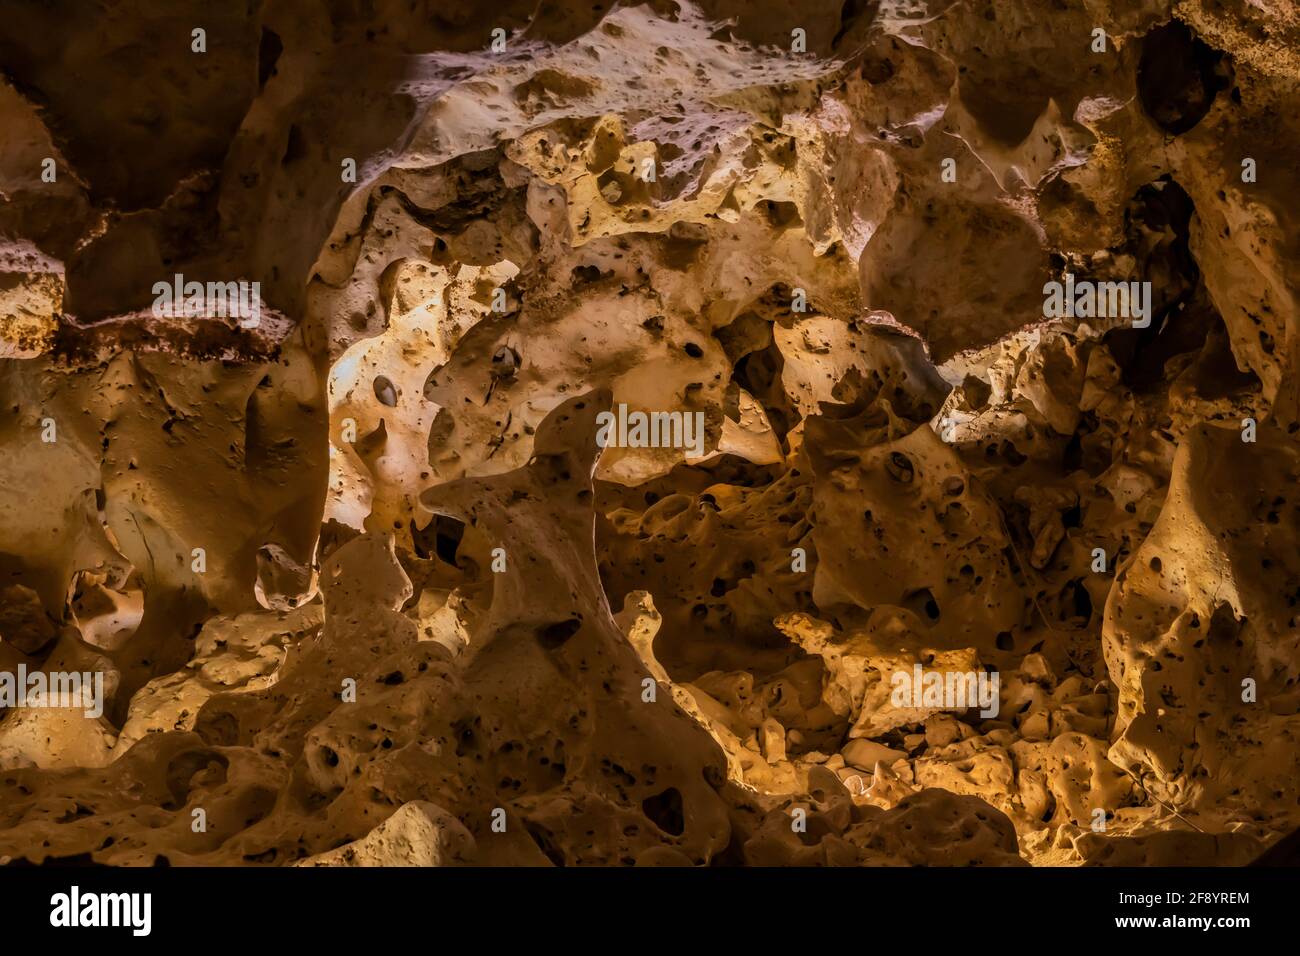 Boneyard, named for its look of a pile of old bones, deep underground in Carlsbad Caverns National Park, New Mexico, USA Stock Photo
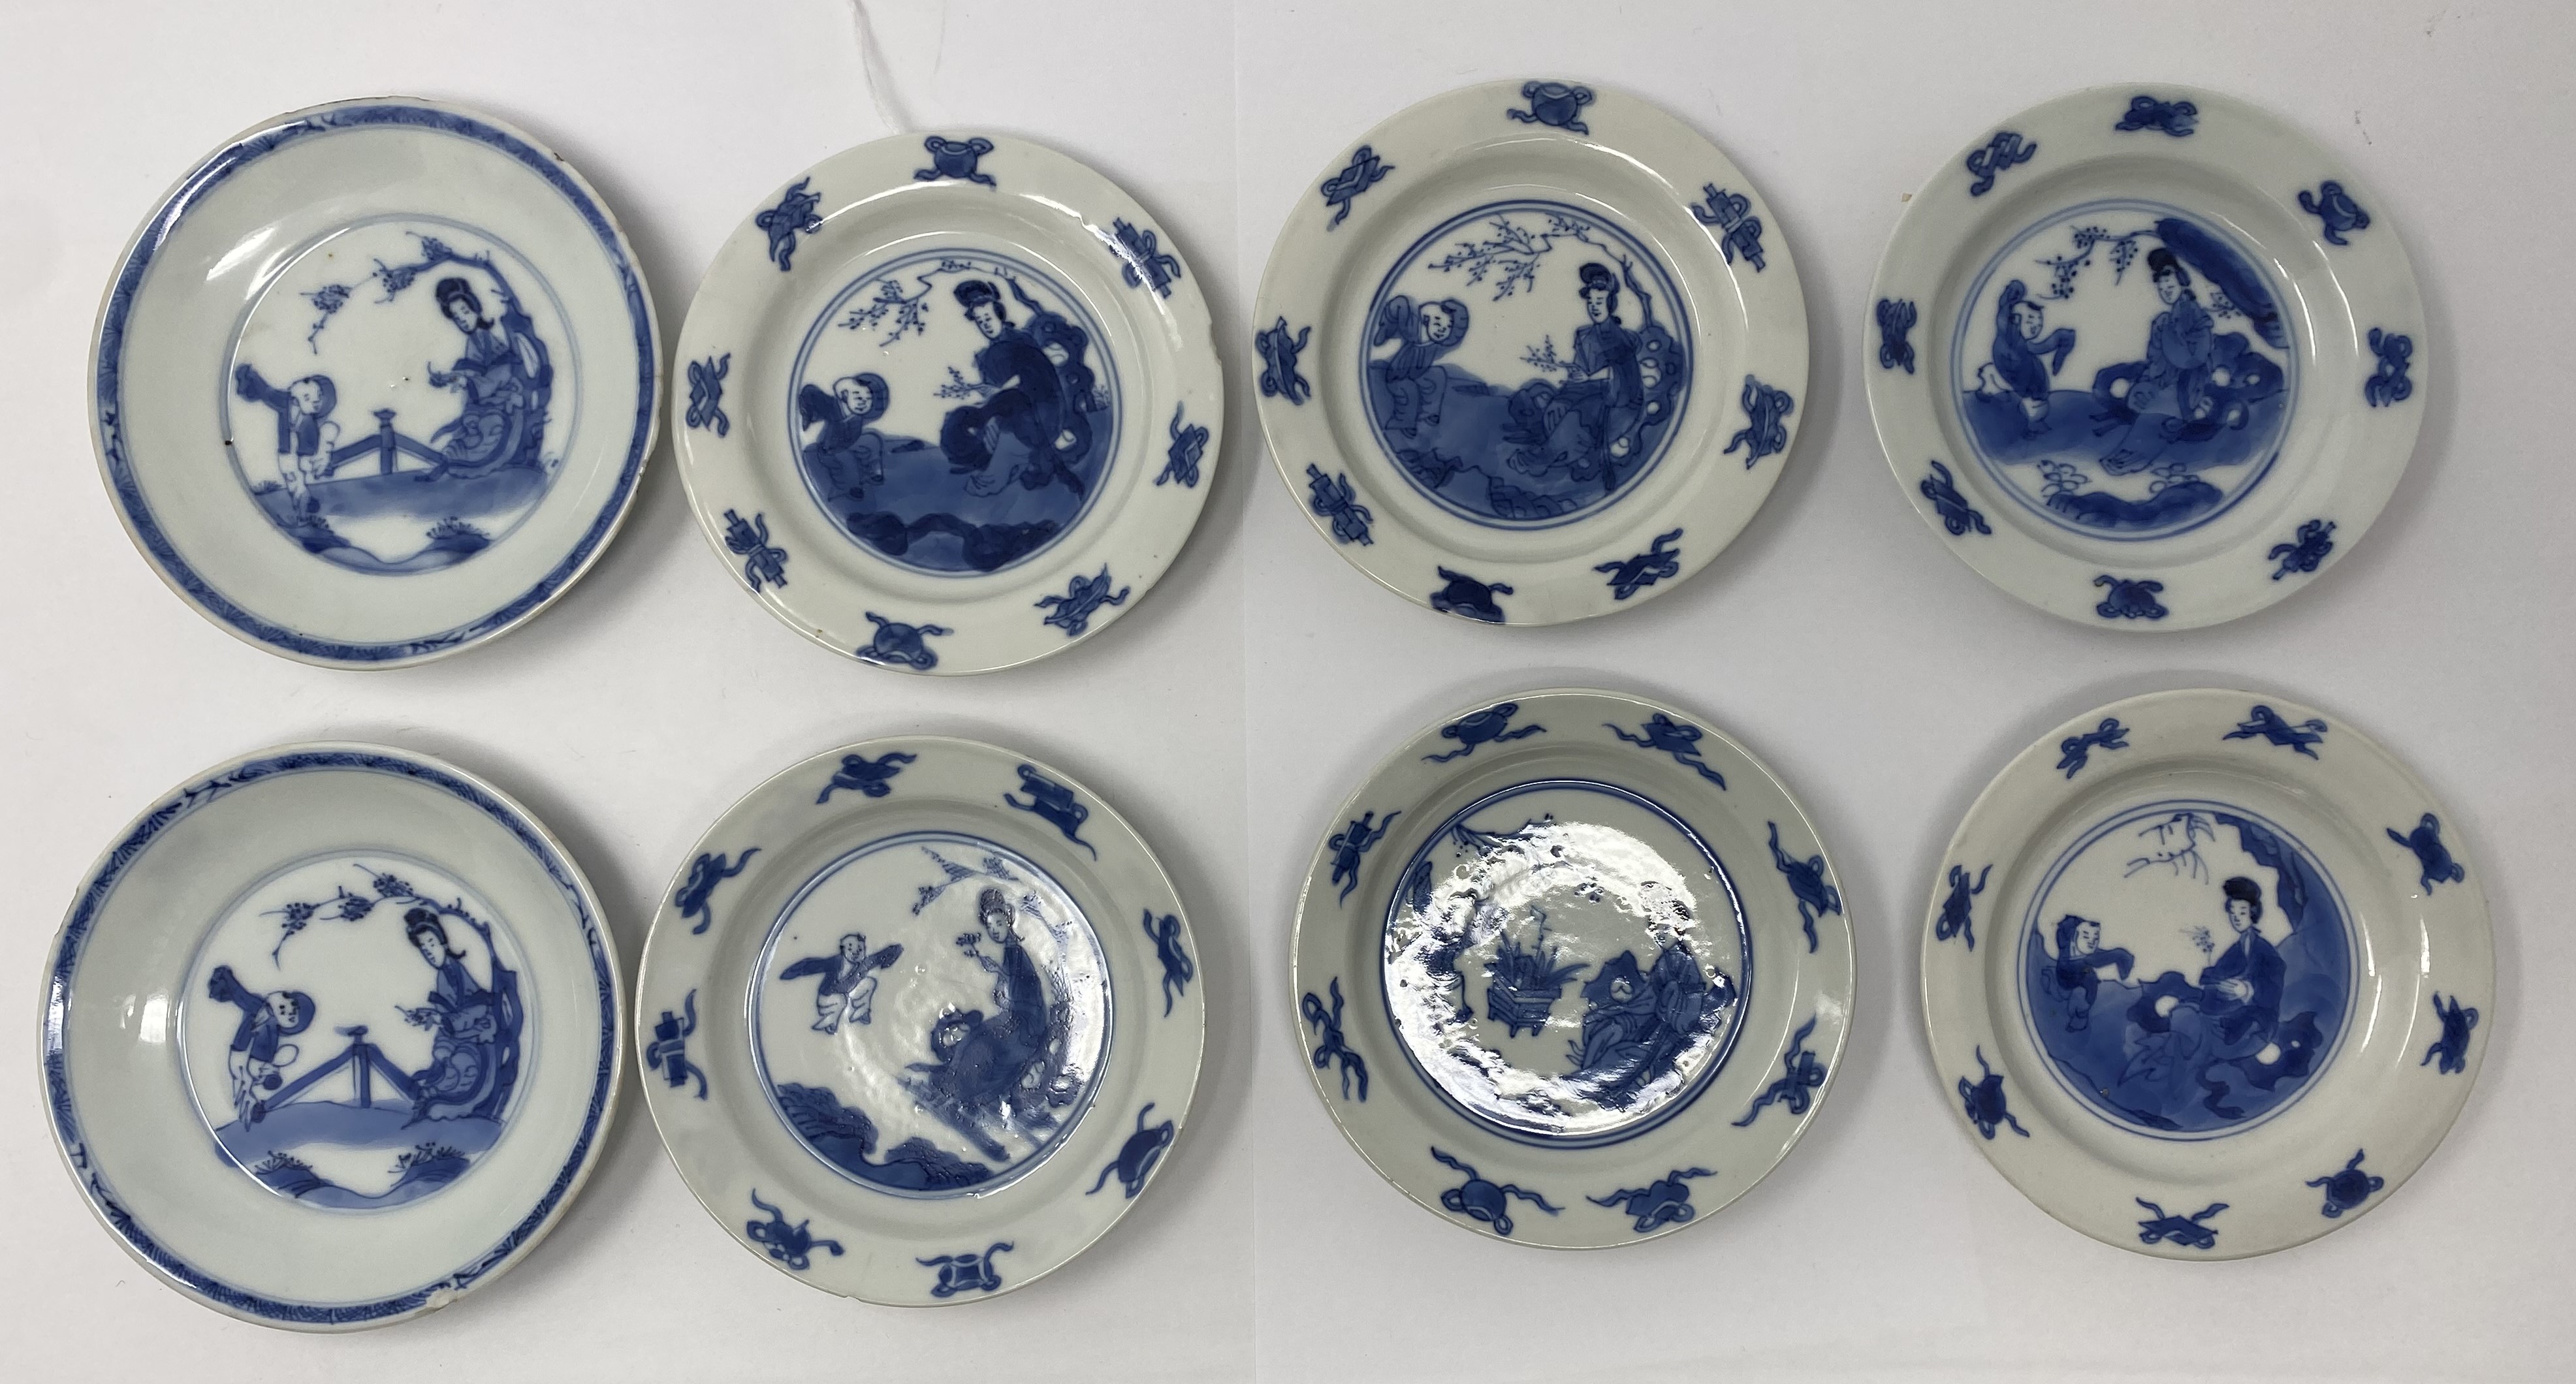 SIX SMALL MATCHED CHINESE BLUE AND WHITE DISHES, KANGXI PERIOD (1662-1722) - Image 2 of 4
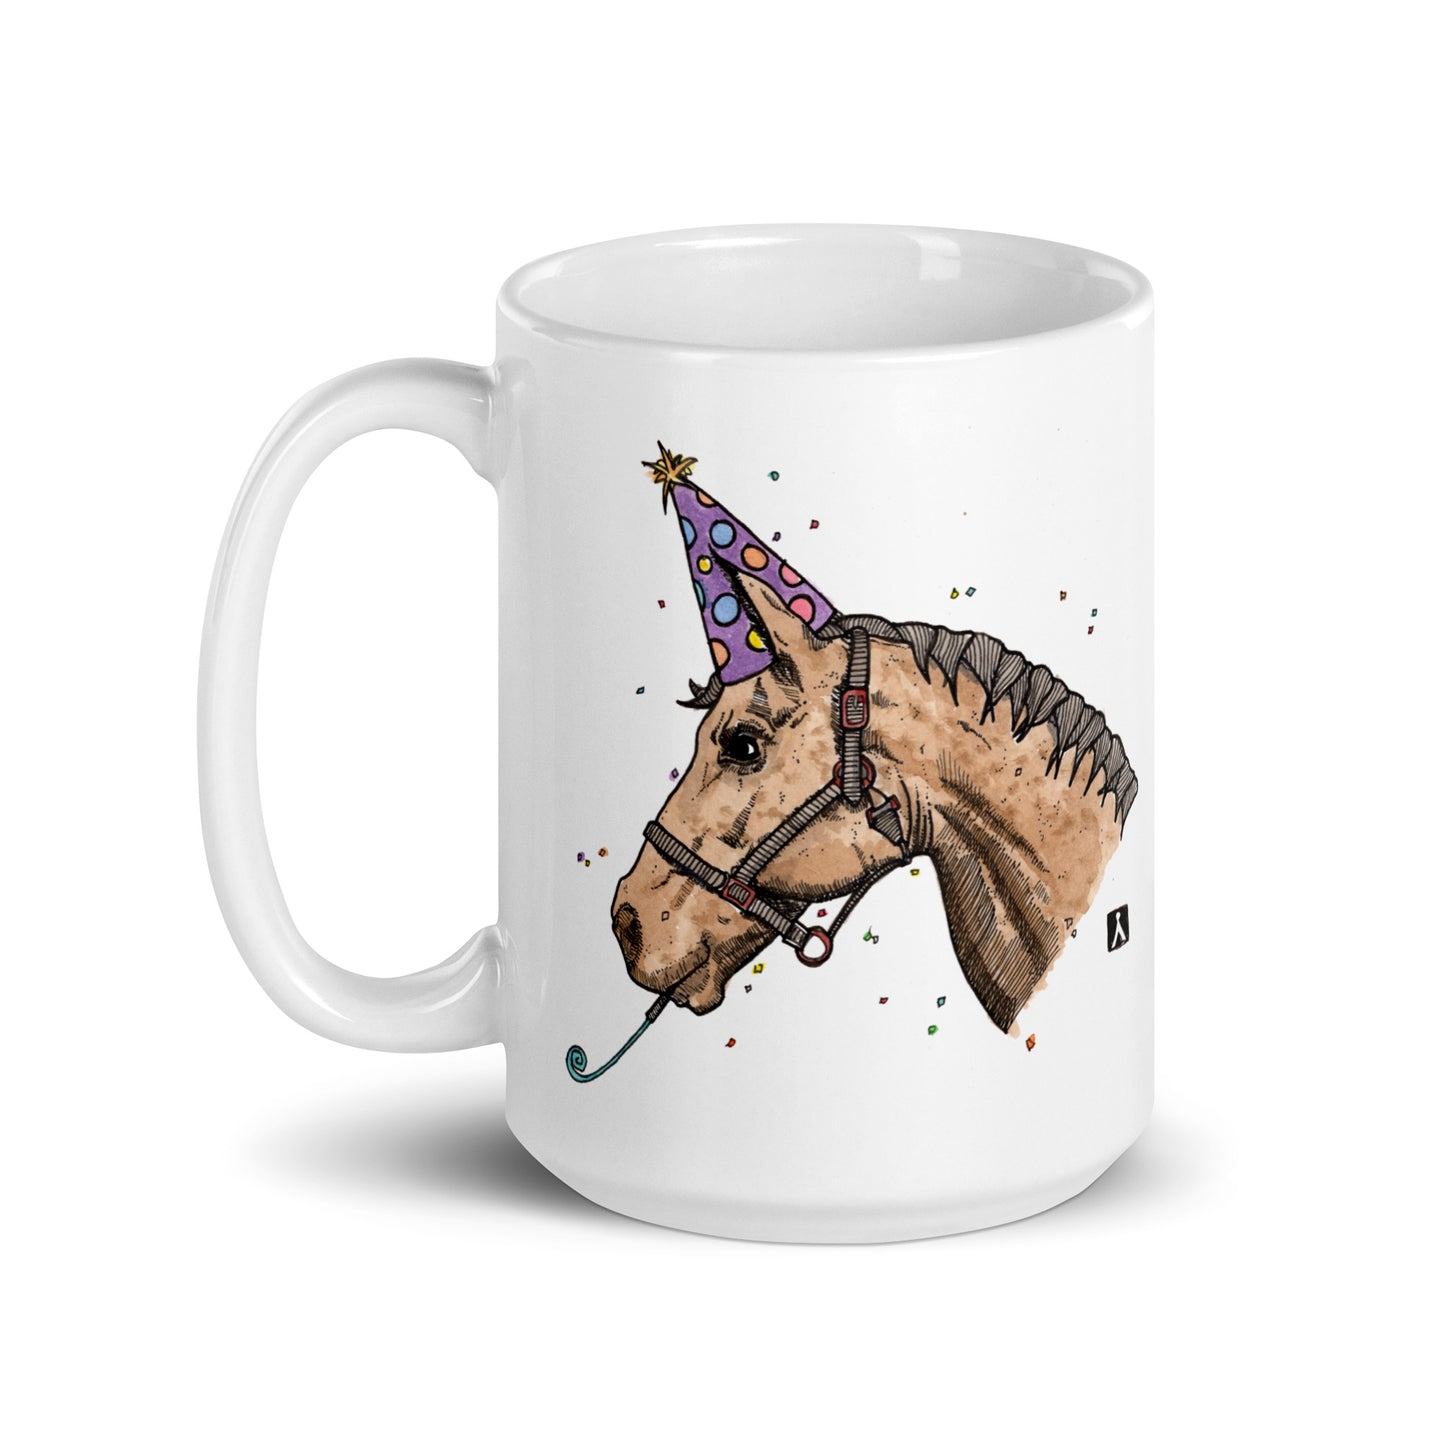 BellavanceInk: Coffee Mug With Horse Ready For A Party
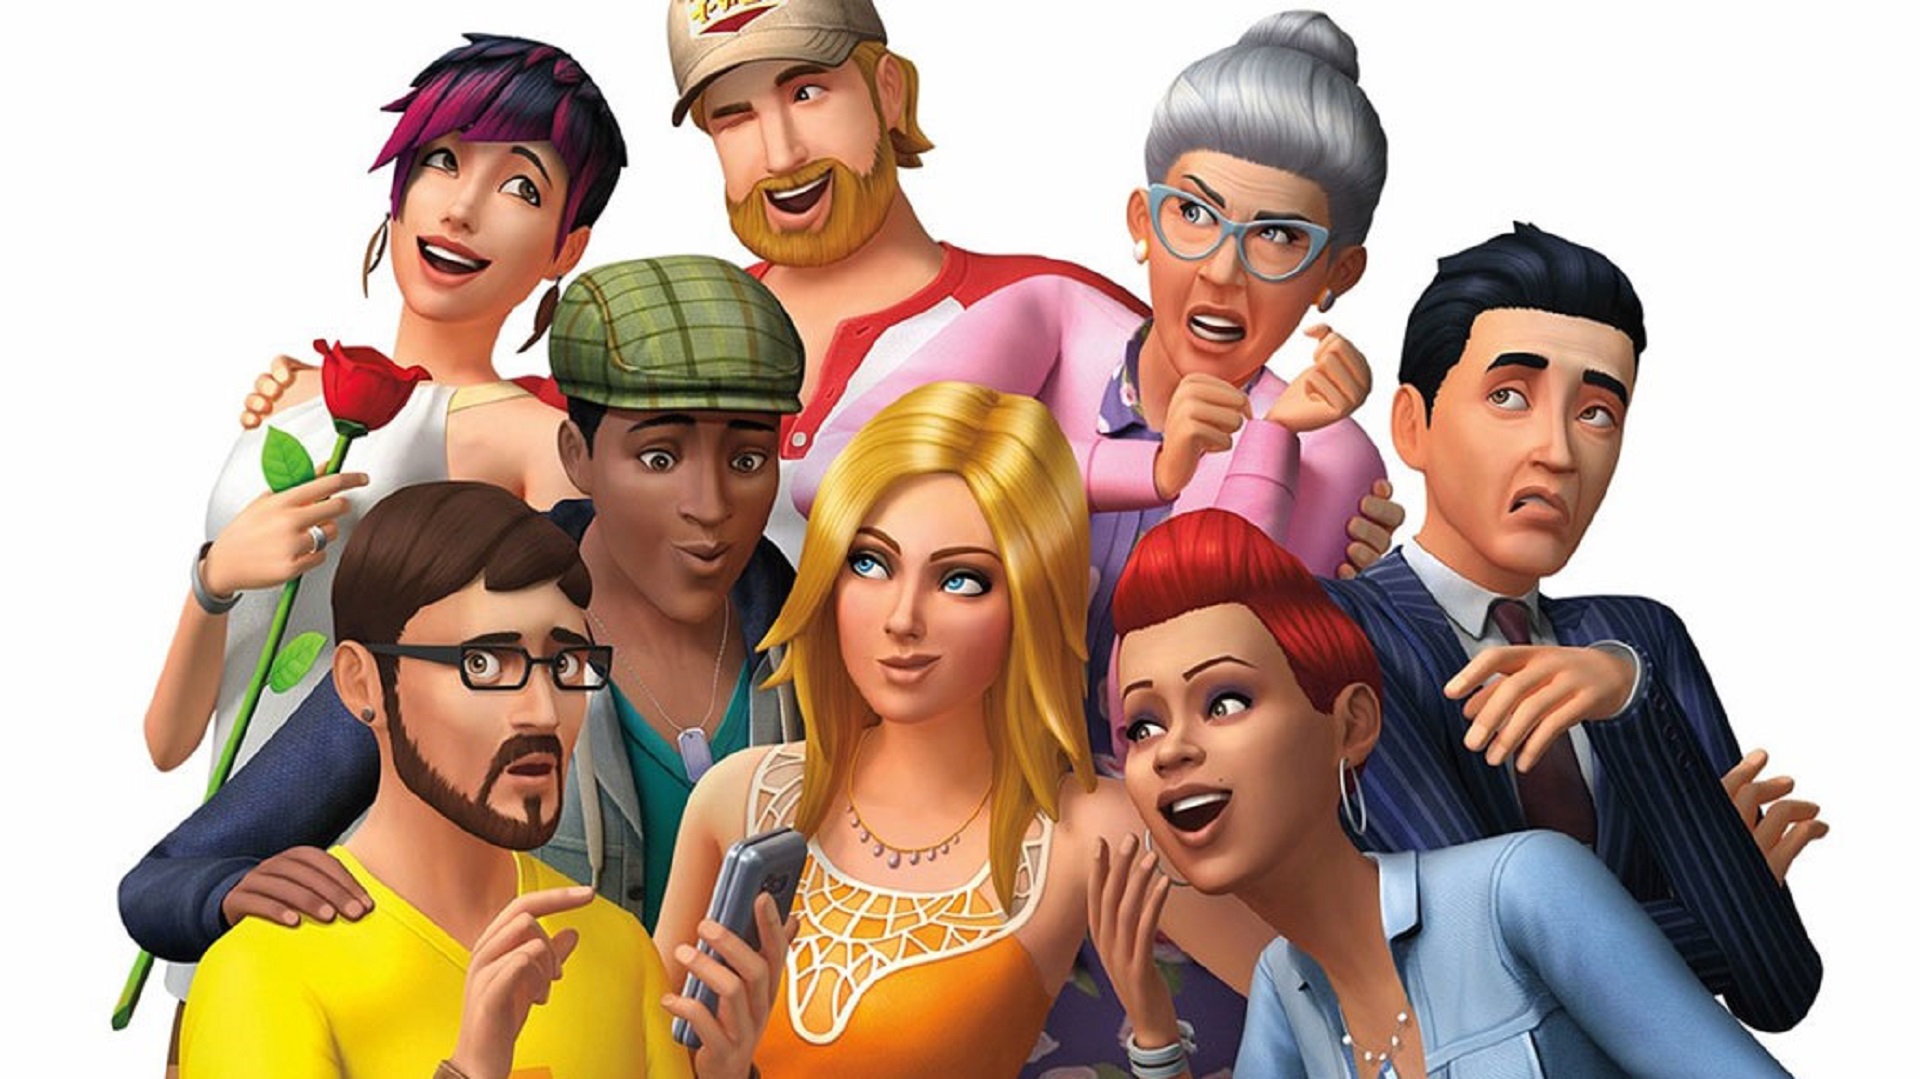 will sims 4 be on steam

++++

**What you have to do**
Pictures do not belong in the copy; repeat the rest of the listing exactly.

**Result of this task**
 Boneyard, named for its look of a pile of old bones, deep underground in Carlsbad Caverns National Park, New Mexico, USA Stock Photo
 SIX SMALL MATCHED CHINESE BLUE AND WHITE DISHES, KANGXI PERIOD (1662-1722) - Image 2 of 4
 BellavanceInk: Coffee Mug With Horse Ready For A Party
 will sims 4 be on steam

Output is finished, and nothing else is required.